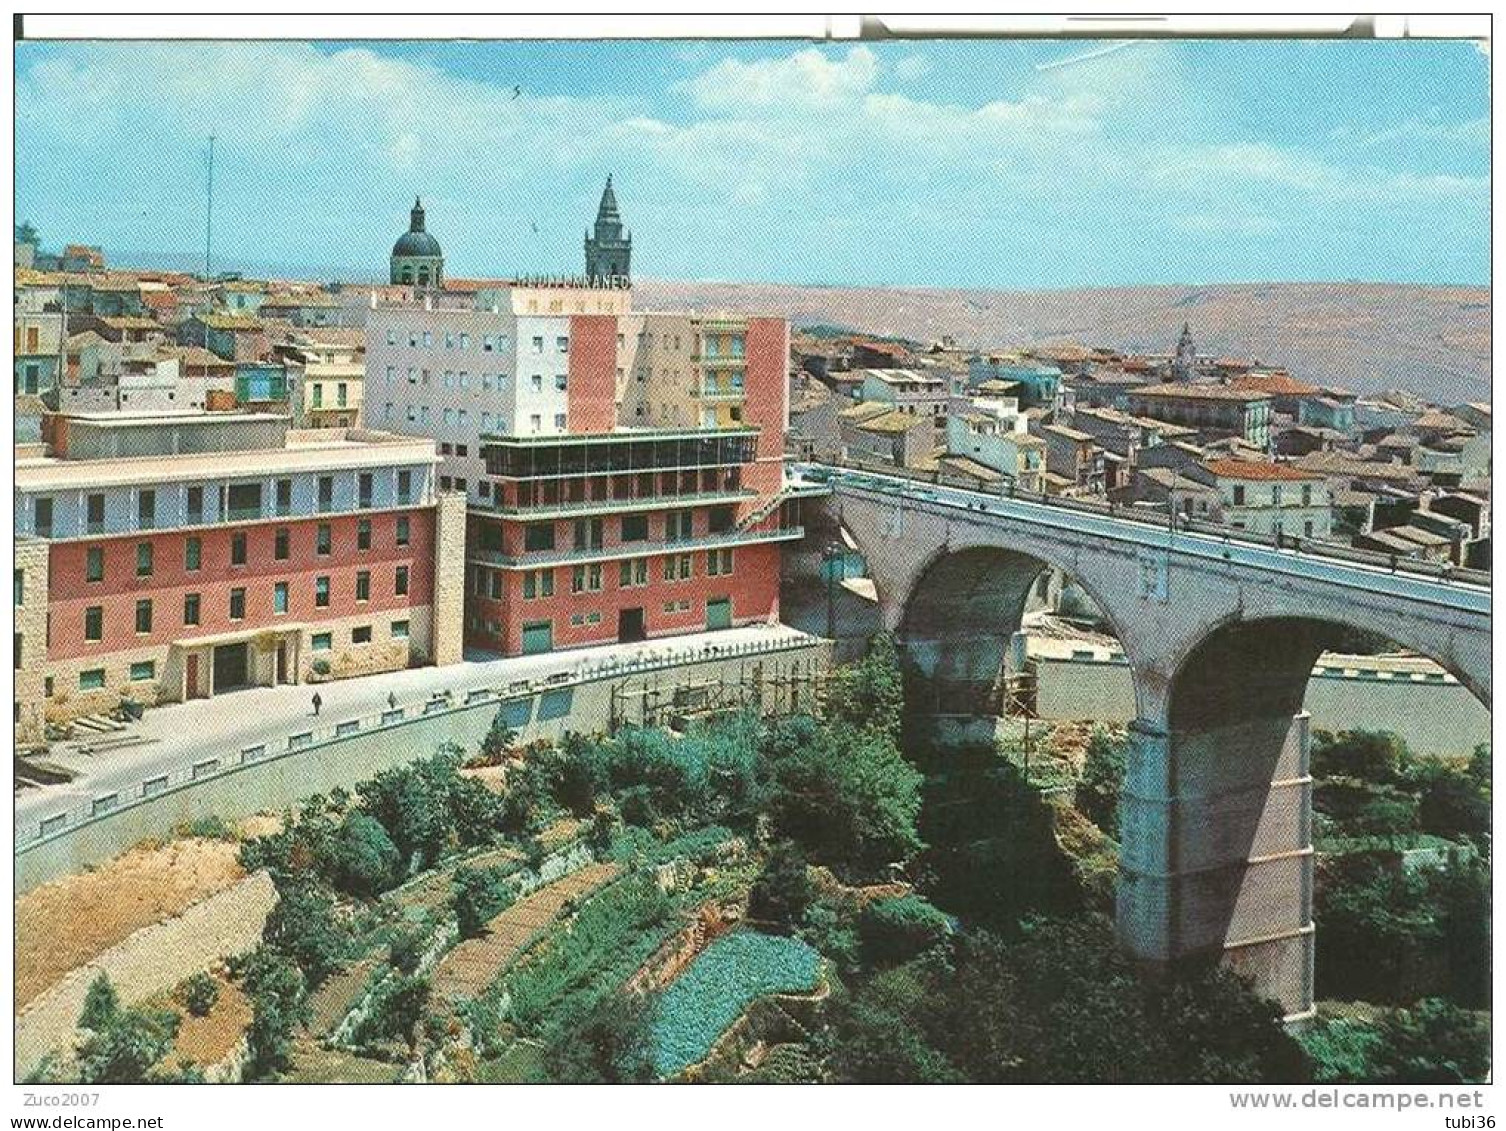 RAGUSA - PALAZZO DEL GENIO CIVILE - HOTEL MEDITERRANEO - COLORI VIAGGIATA  1965 - ANIMATA - Ragusa
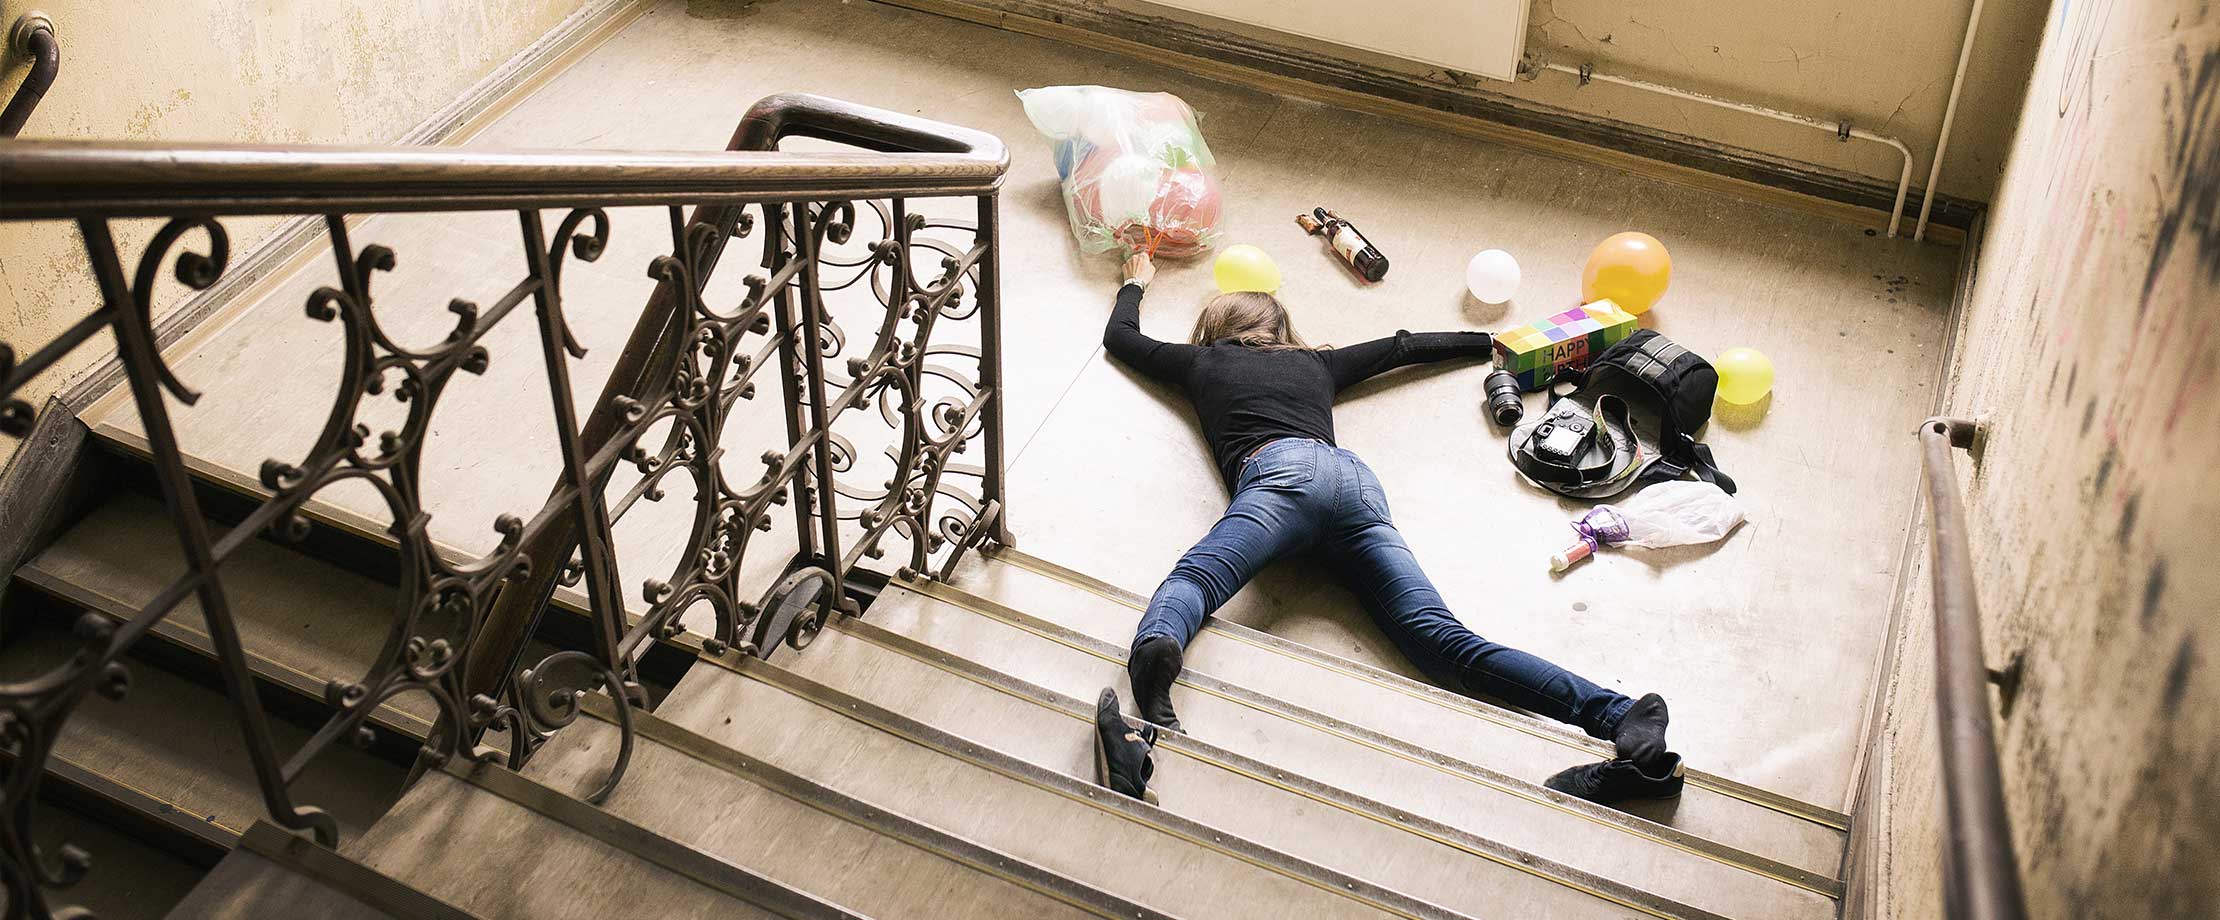 Eine Frau liegt am Fuß einer Treppe, nachdem sie gestürzt ist. Um Sie herum liegen Einkäufe, ihre Tasche, eine Kamera und ein Geburtstagsgeschenk.
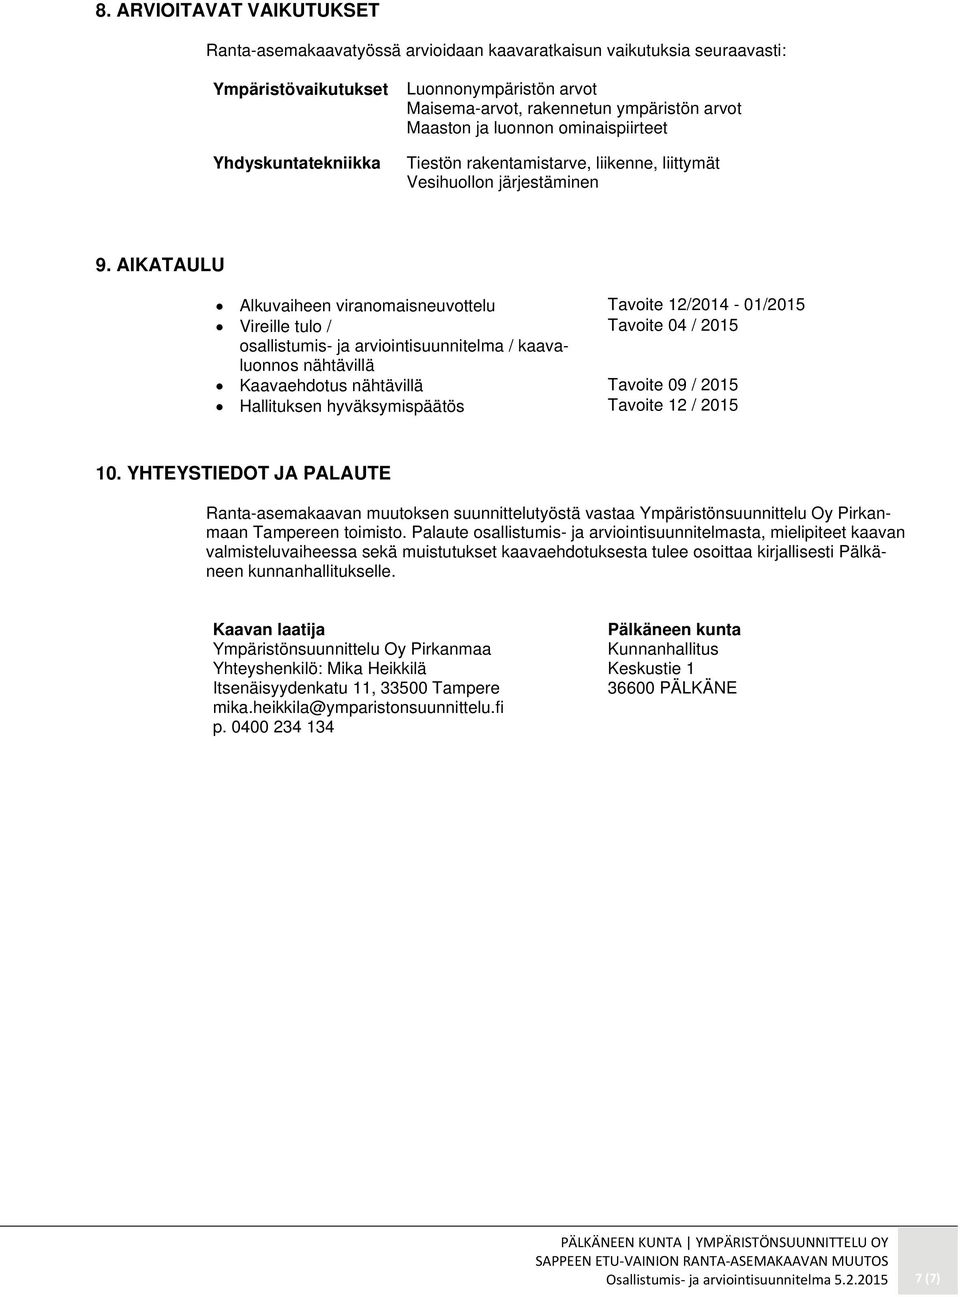 AIKATAULU Alkuvaiheen viranomaisneuvottelu Tavoite 12/2014-01/2015 Vireille tulo / Tavoite 04 / 2015 osallistumis- ja arviointisuunnitelma / kaavaluonnos nähtävillä Kaavaehdotus nähtävillä Tavoite 09

· · · · · · ·

Instructions to follow: Each line above is to be copied verbatim. Drop any image from the copy.

Written response:
 RAGUSA - PALAZZO DEL GENIO CIVILE - HOTEL MEDITERRANEO - COLORI VIAGGIATA  1965 - ANIMATA - Ragusa
 Eine Frau liegt am Fuß einer Treppe, nachdem sie gestürzt ist. Um Sie herum liegen Einkäufe, ihre Tasche, eine Kamera und ein Geburtstagsgeschenk.
 AIKATAULU Alkuvaiheen viranomaisneuvottelu Tavoite 12/2014-01/2015 Vireille tulo / Tavoite 04 / 2015 osallistumis- ja arviointisuunnitelma / kaavaluonnos nähtävillä Kaavaehdotus nähtävillä Tavoite 09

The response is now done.